Could you transcribe the records below exactly, leaving out every picture?
[Opening MATERIAL FOR THIS TASK section]
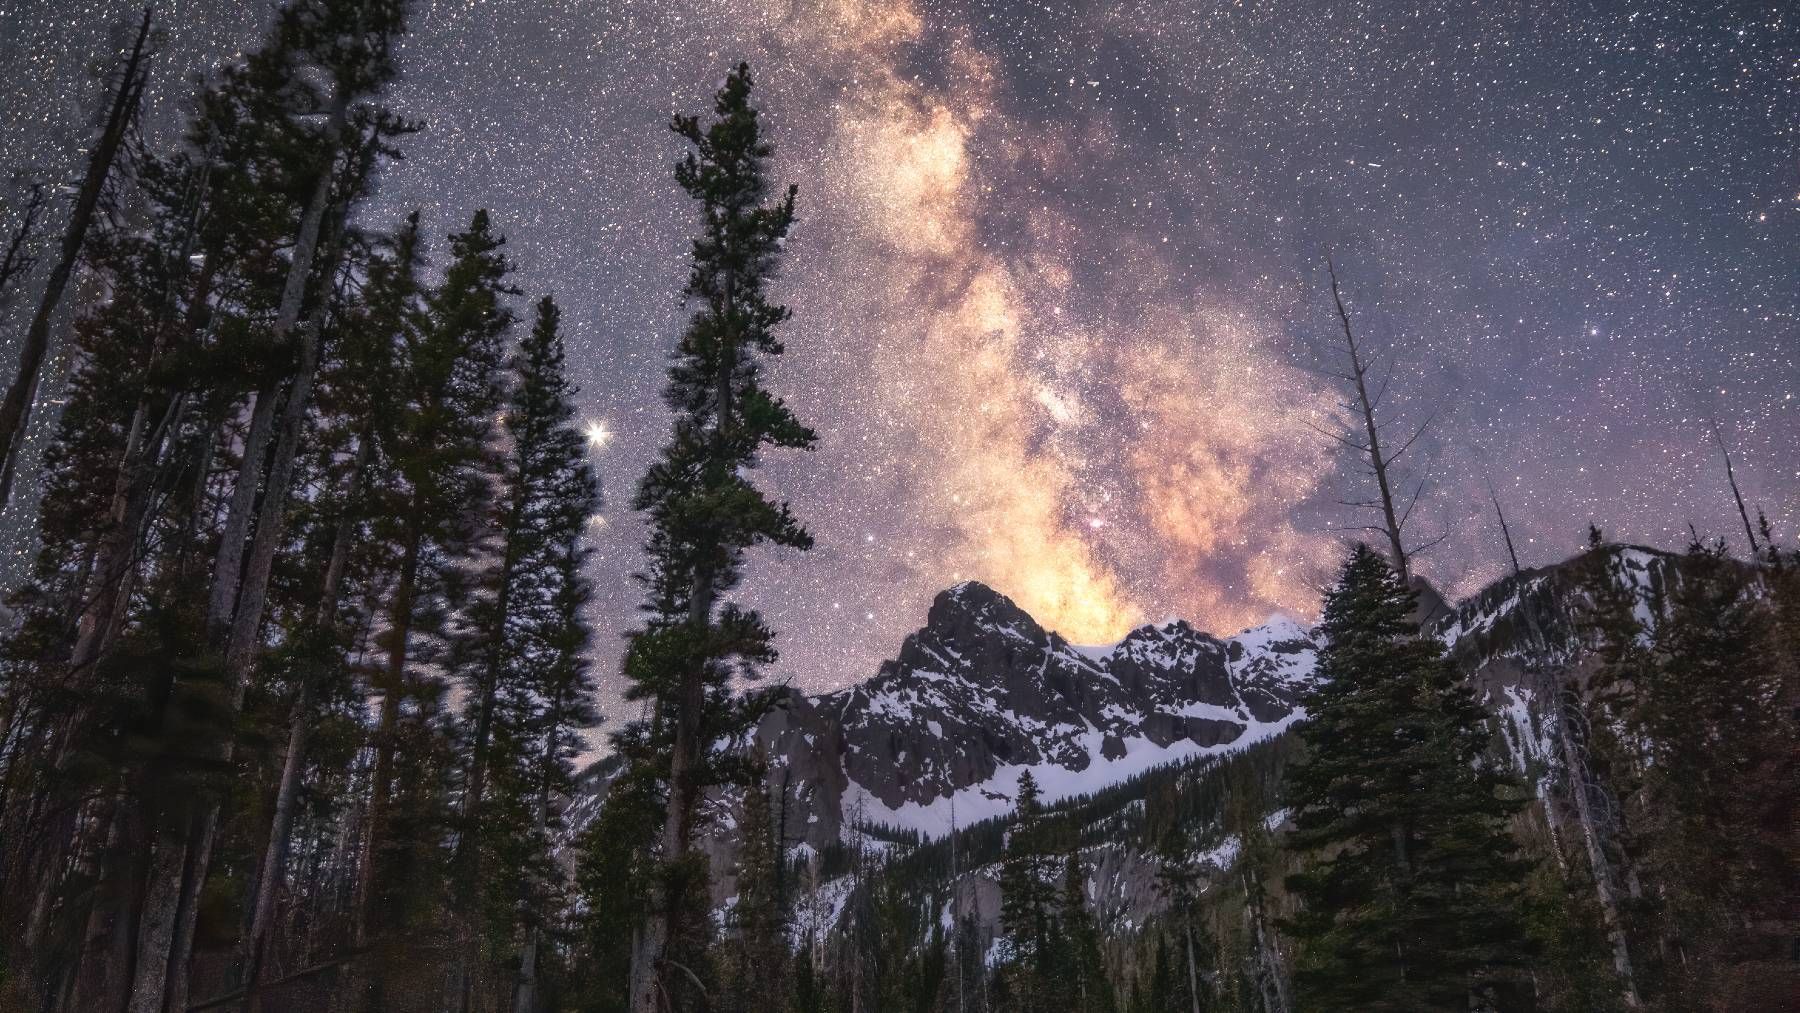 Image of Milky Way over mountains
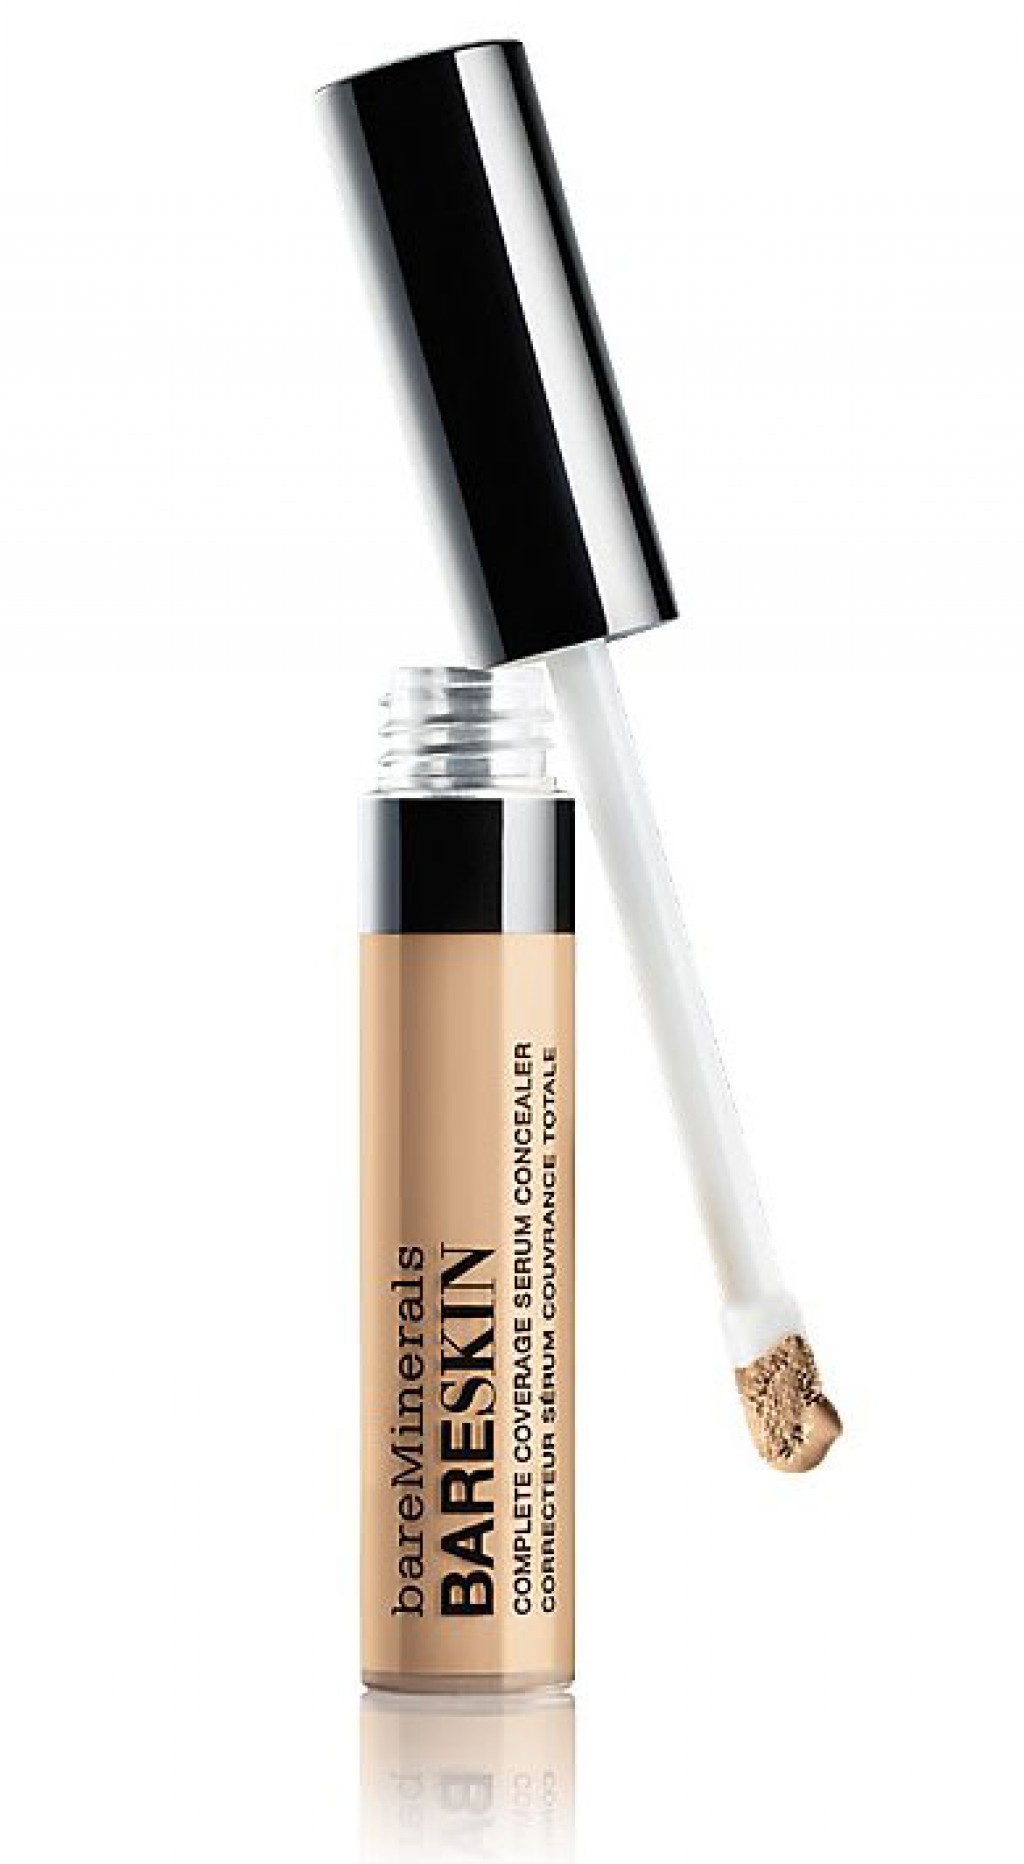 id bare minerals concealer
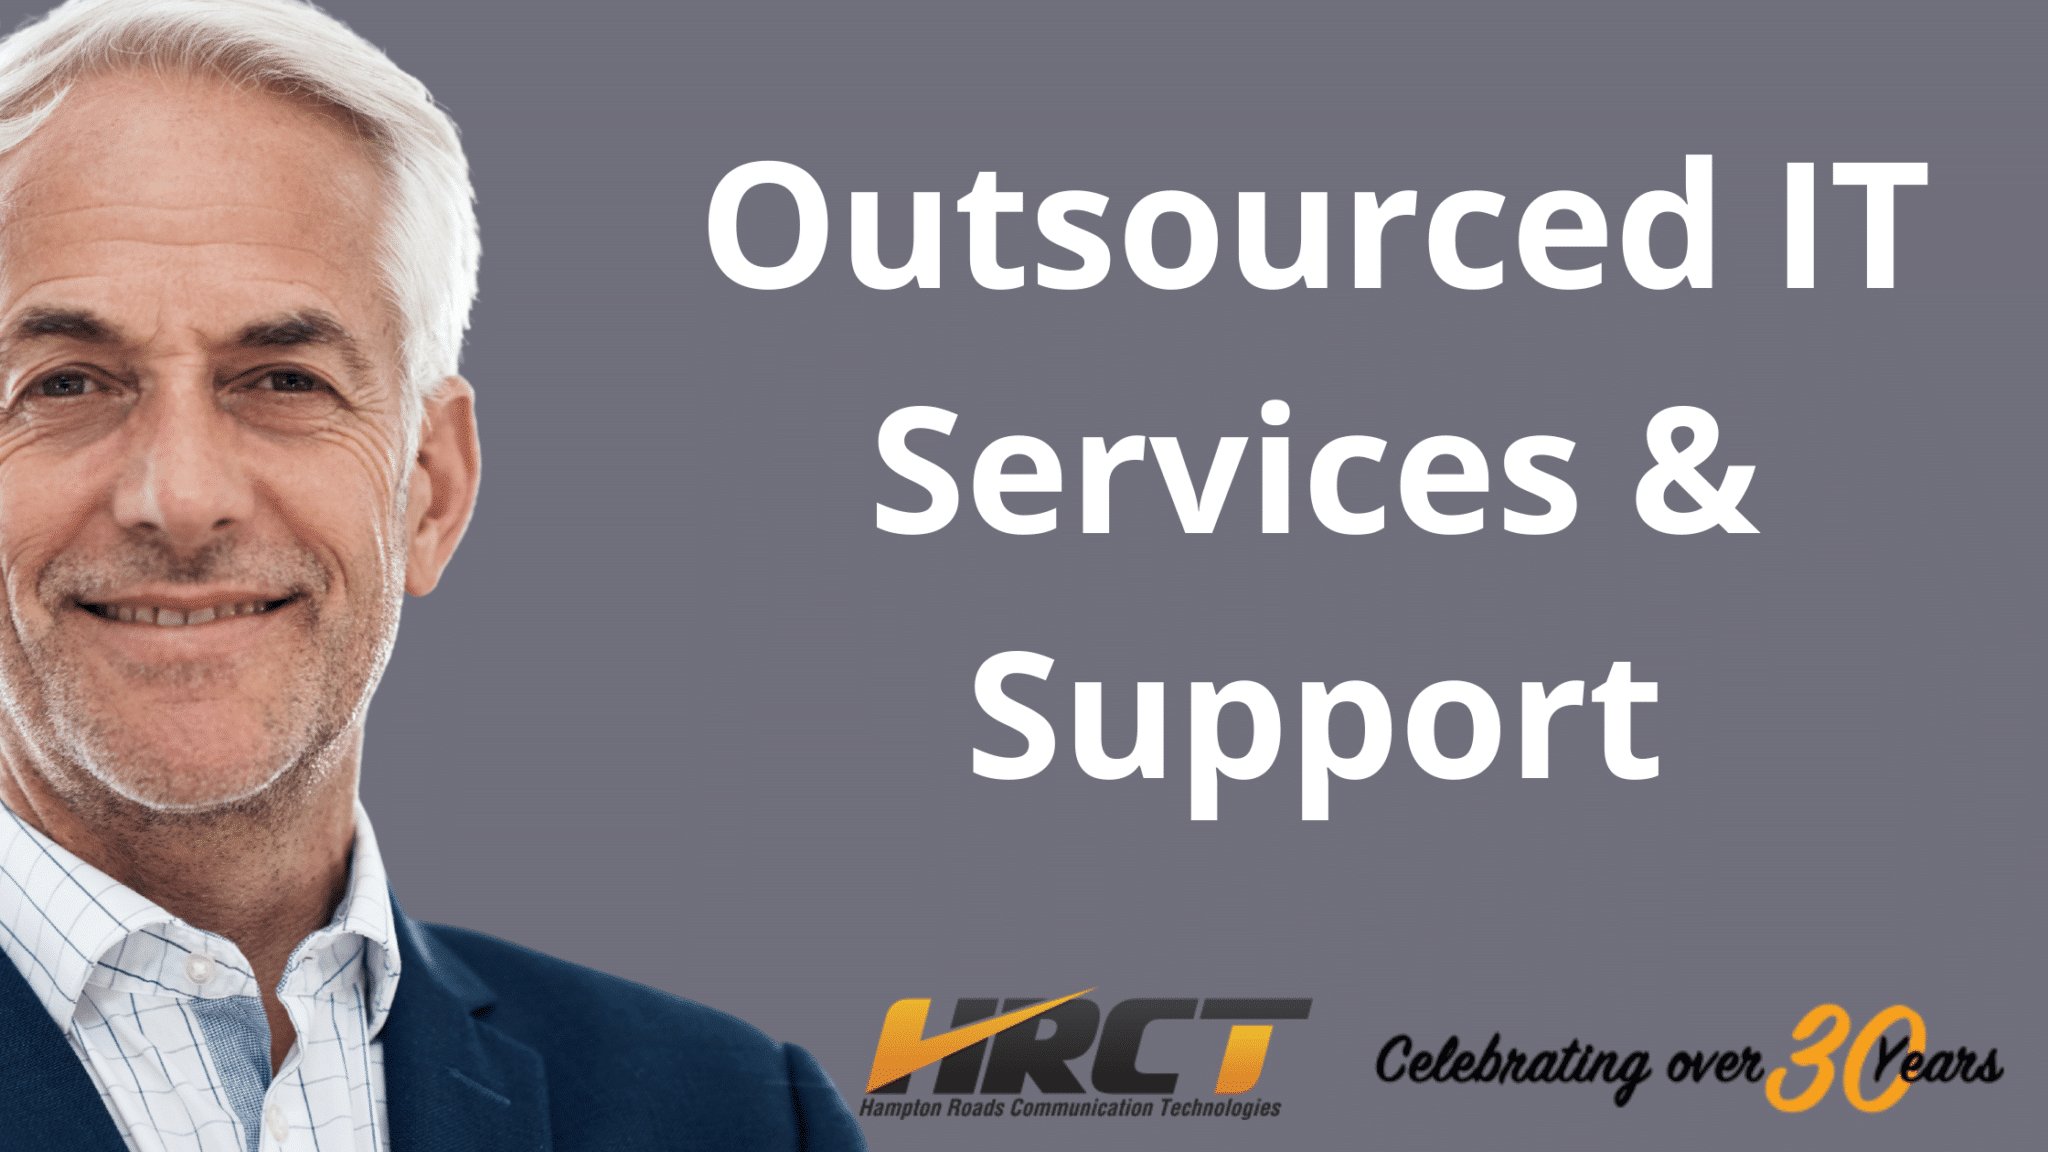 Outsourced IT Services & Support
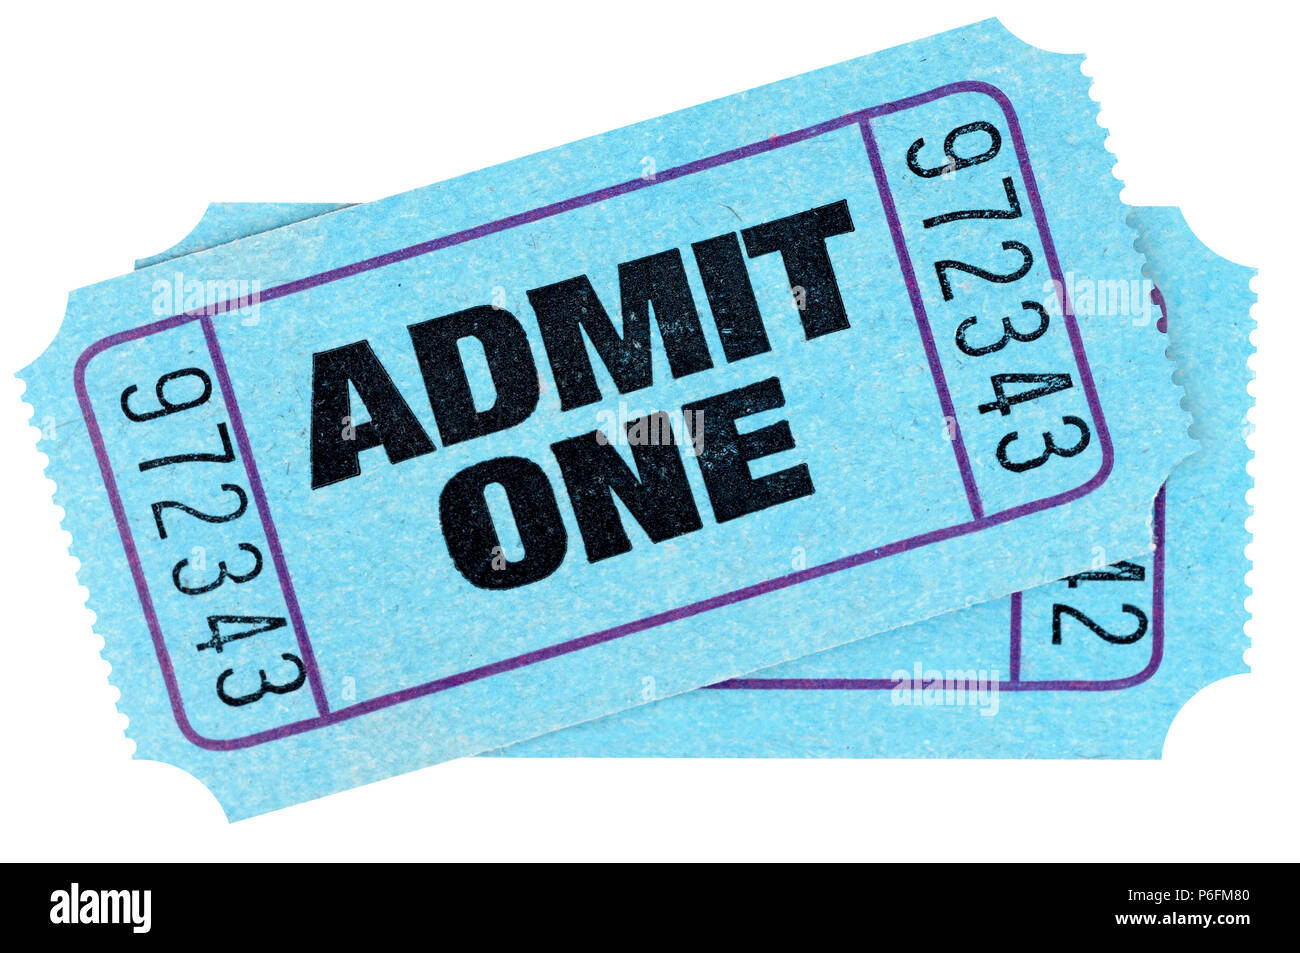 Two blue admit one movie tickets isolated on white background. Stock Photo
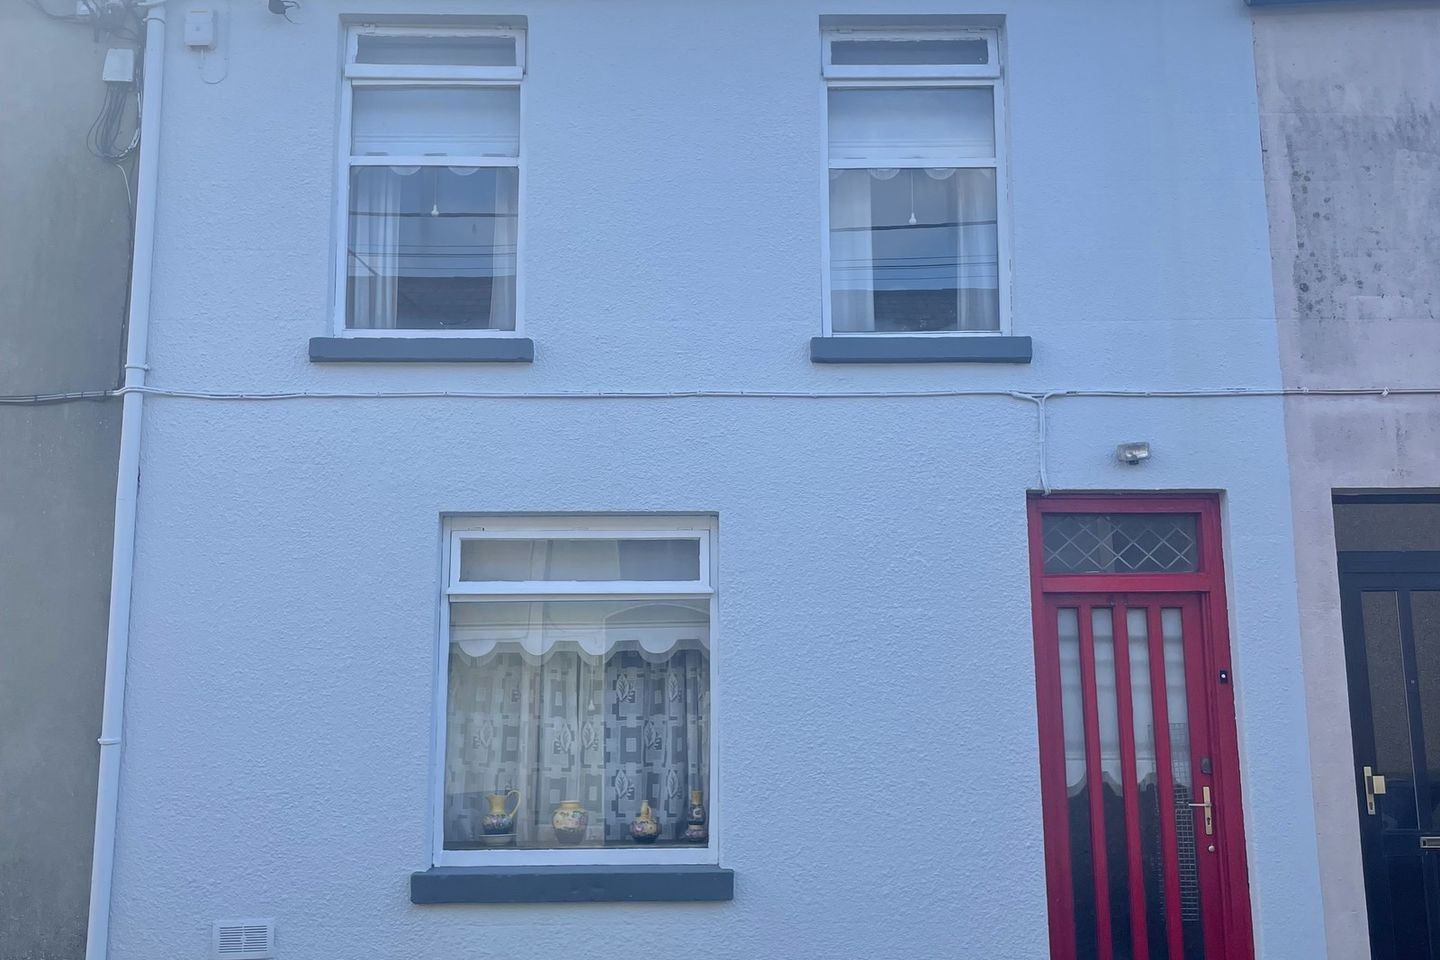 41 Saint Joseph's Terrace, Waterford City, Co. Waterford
[Closing MATERIAL FOR THIS TASK section]
> _ANSWER TO THE EXERCISE_
 Image of Milky Way over mountains
 id bare minerals concealer
 Outsourced IT Services & Support
 Two blue admit one movie tickets isolated on white background. Stock Photo
 41 Saint Joseph's Terrace, Waterford City, Co. Waterford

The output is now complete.